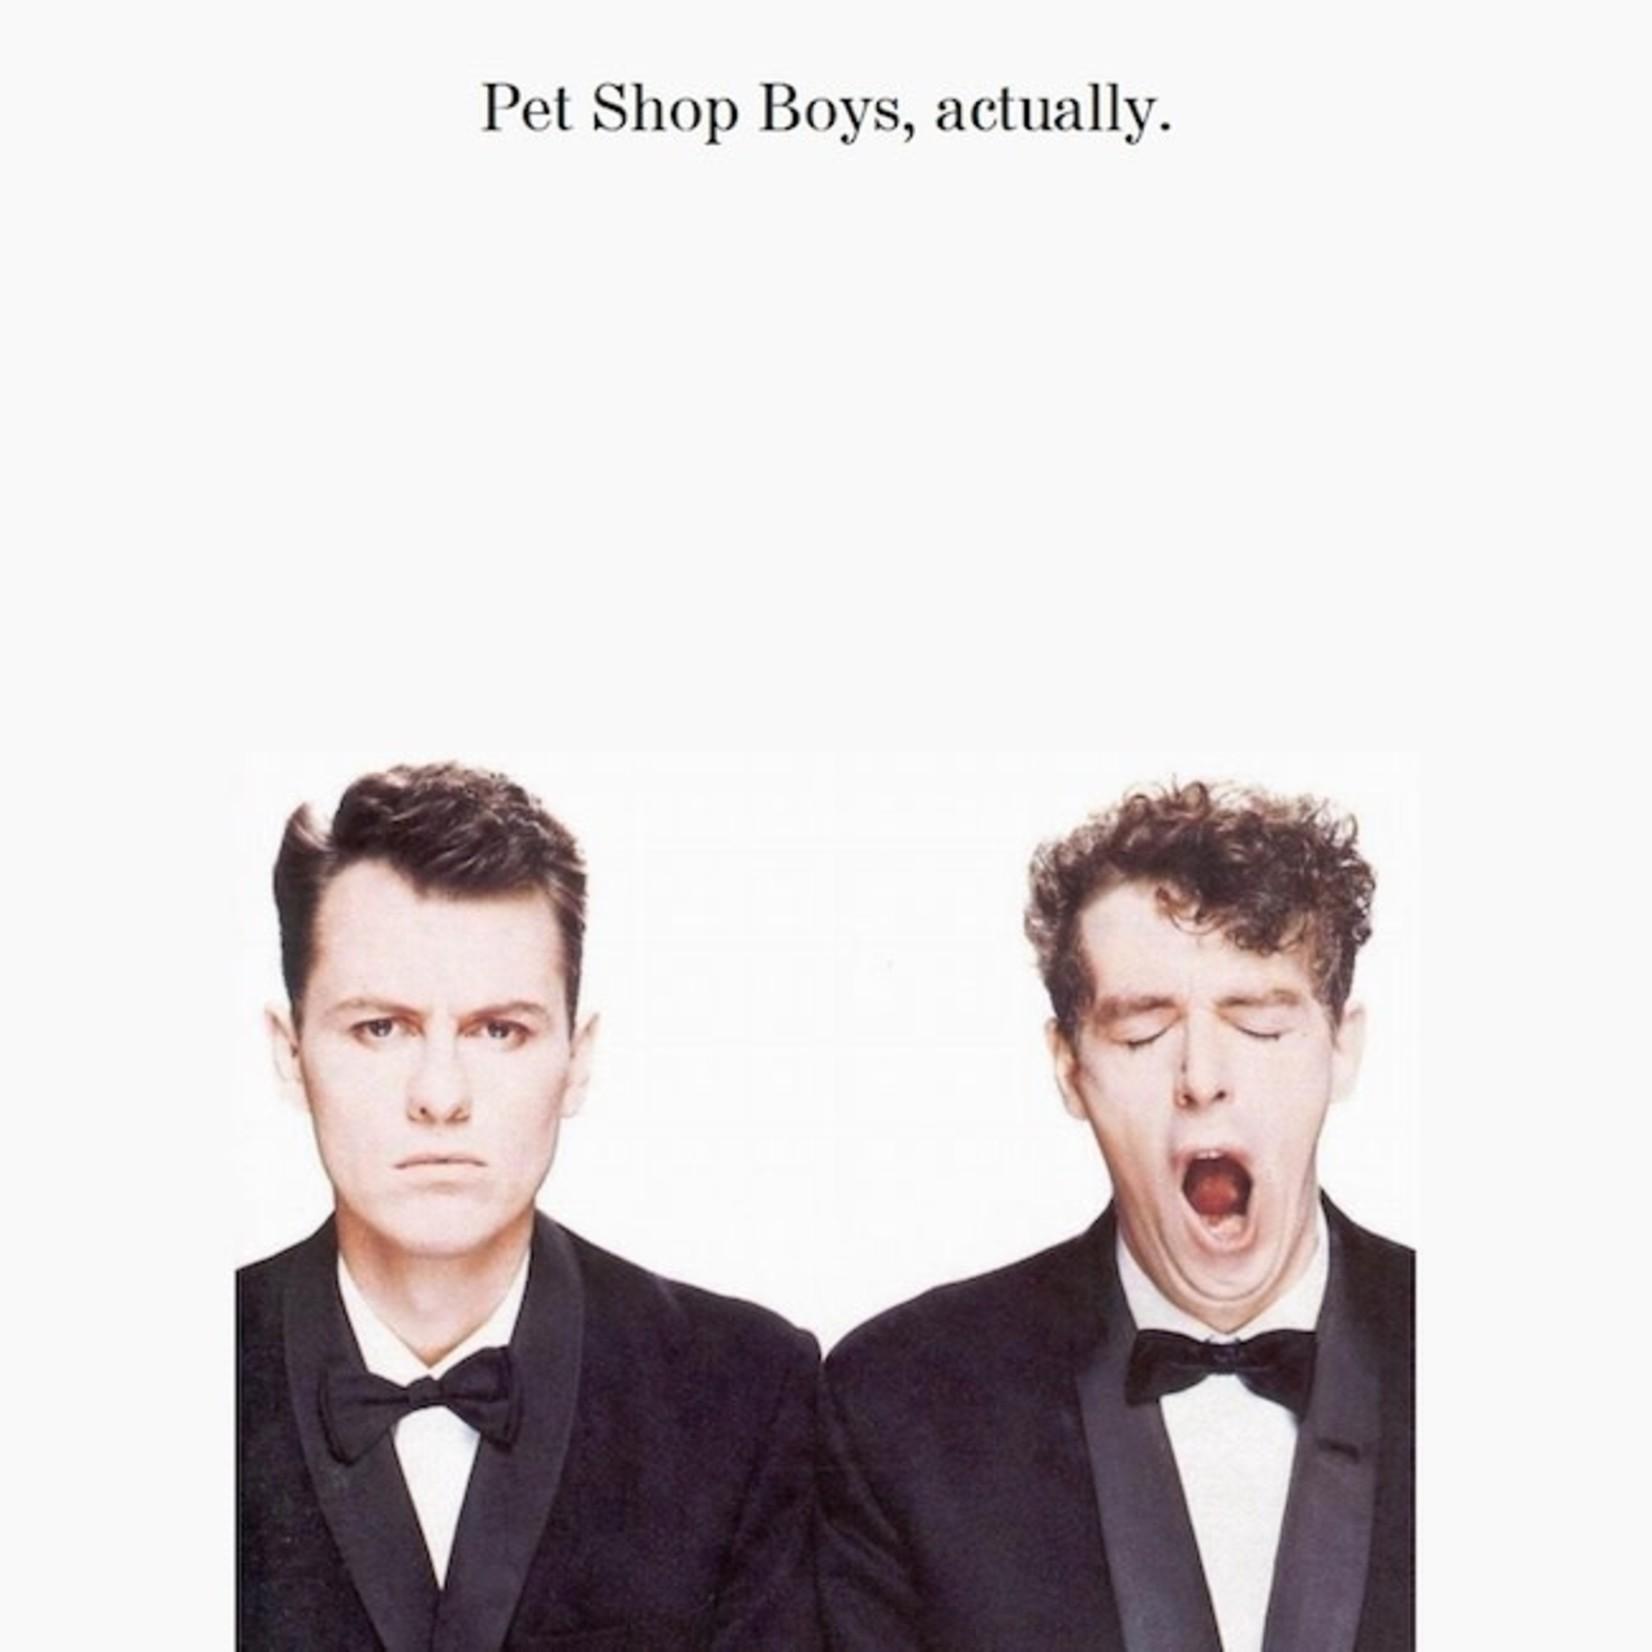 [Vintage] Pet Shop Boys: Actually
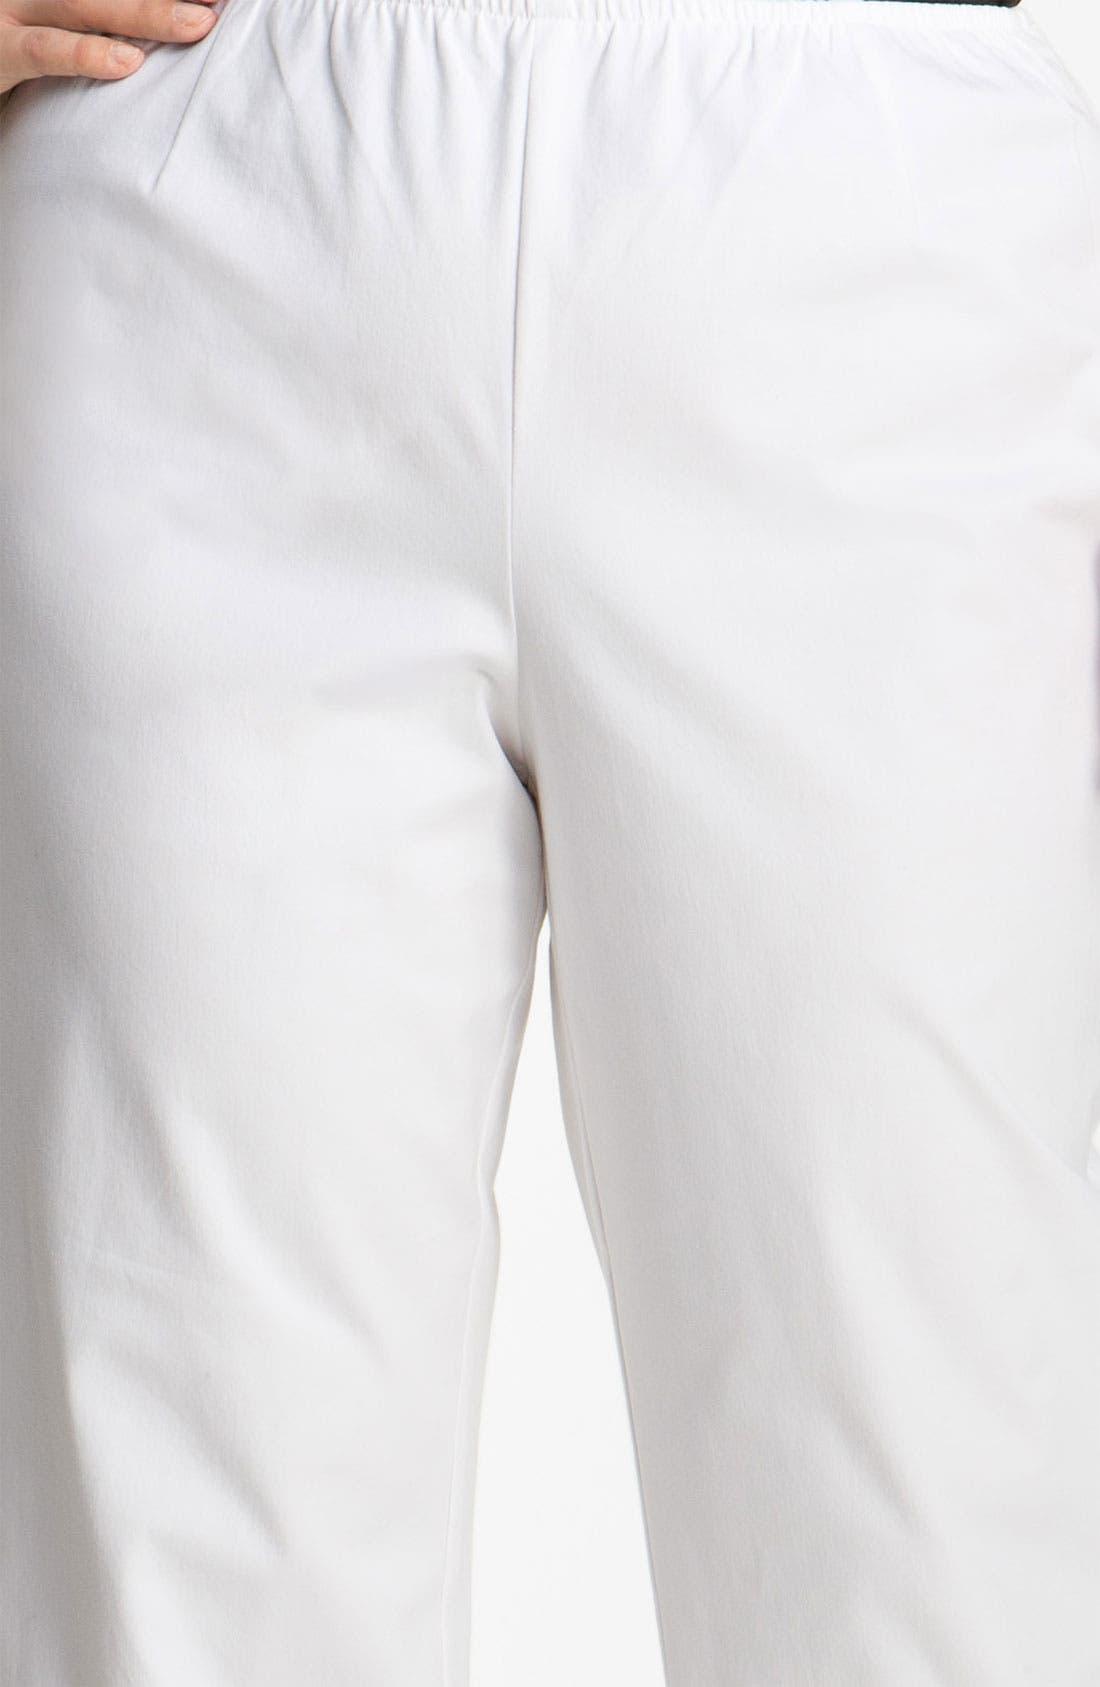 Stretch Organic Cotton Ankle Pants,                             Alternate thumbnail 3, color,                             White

...

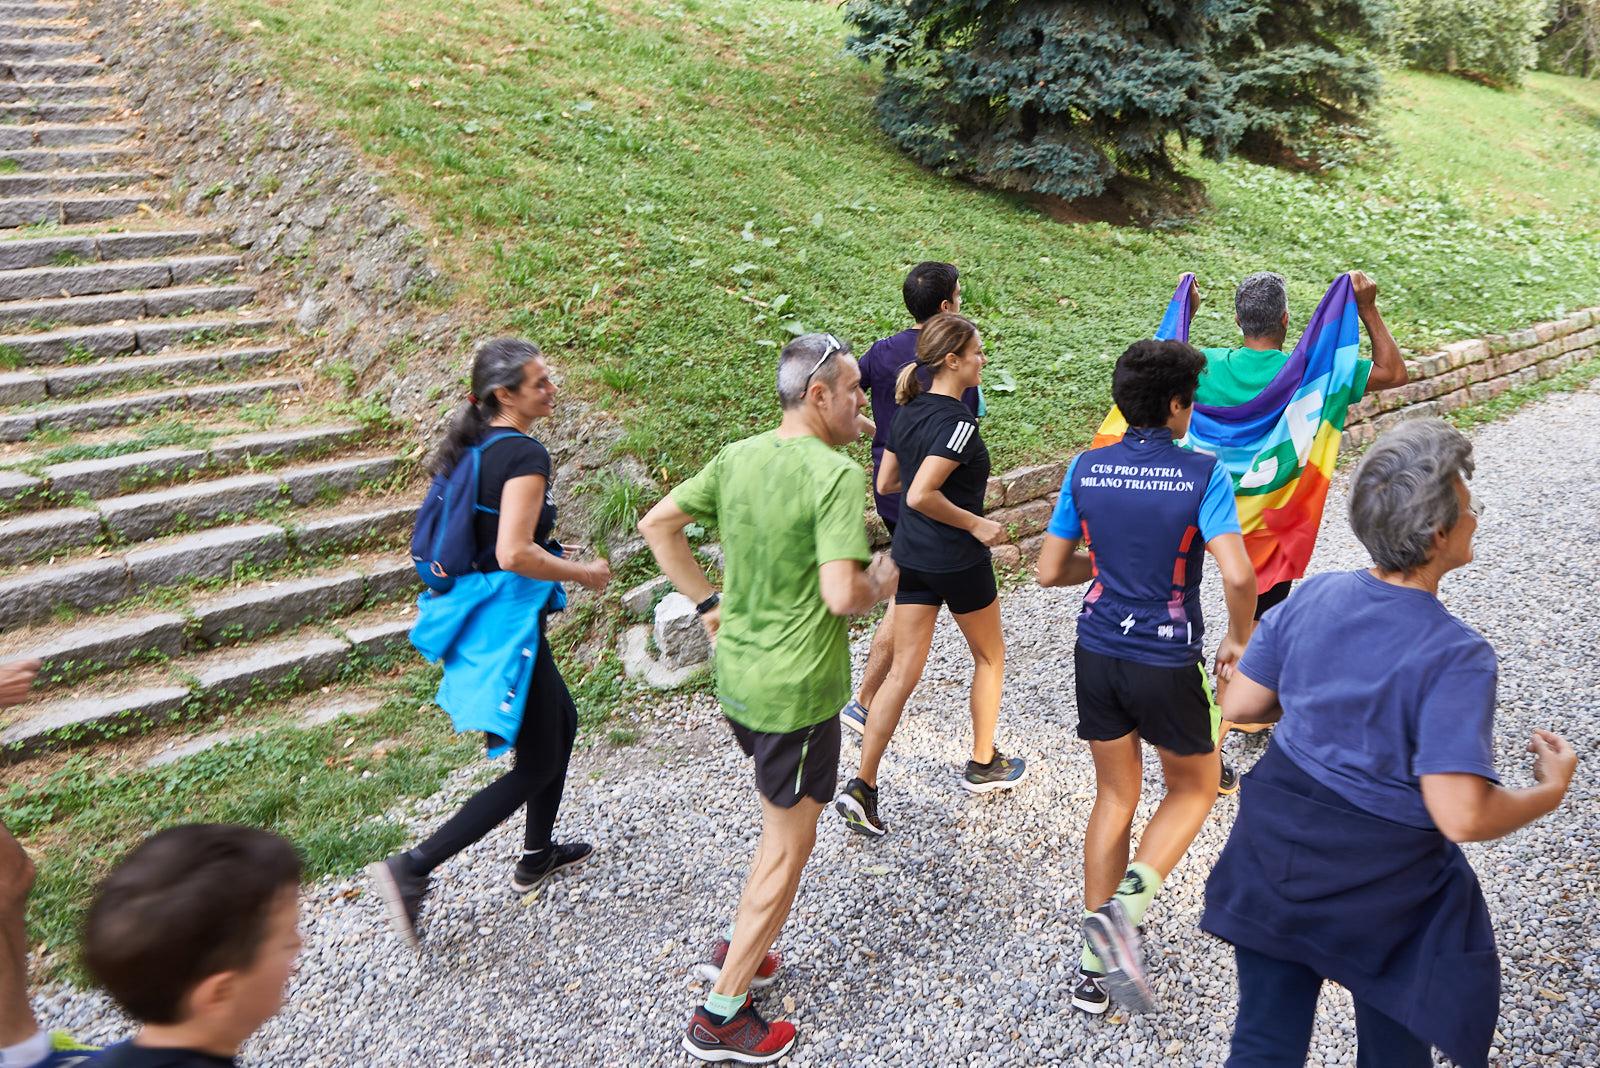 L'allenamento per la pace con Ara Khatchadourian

Your objective →
Repeat exactly the lines above, from the line that contains "[Vintage] Pet Shop Boys: Actually" down through the line that contains "Stretch Organic Cotton". Include both of those lines and none of the pictures.

Exercise answer →
 [Vintage] Pet Shop Boys: Actually
 Stretch Organic Cotton Ankle Pants,                             Alternate thumbnail 3, color,                             White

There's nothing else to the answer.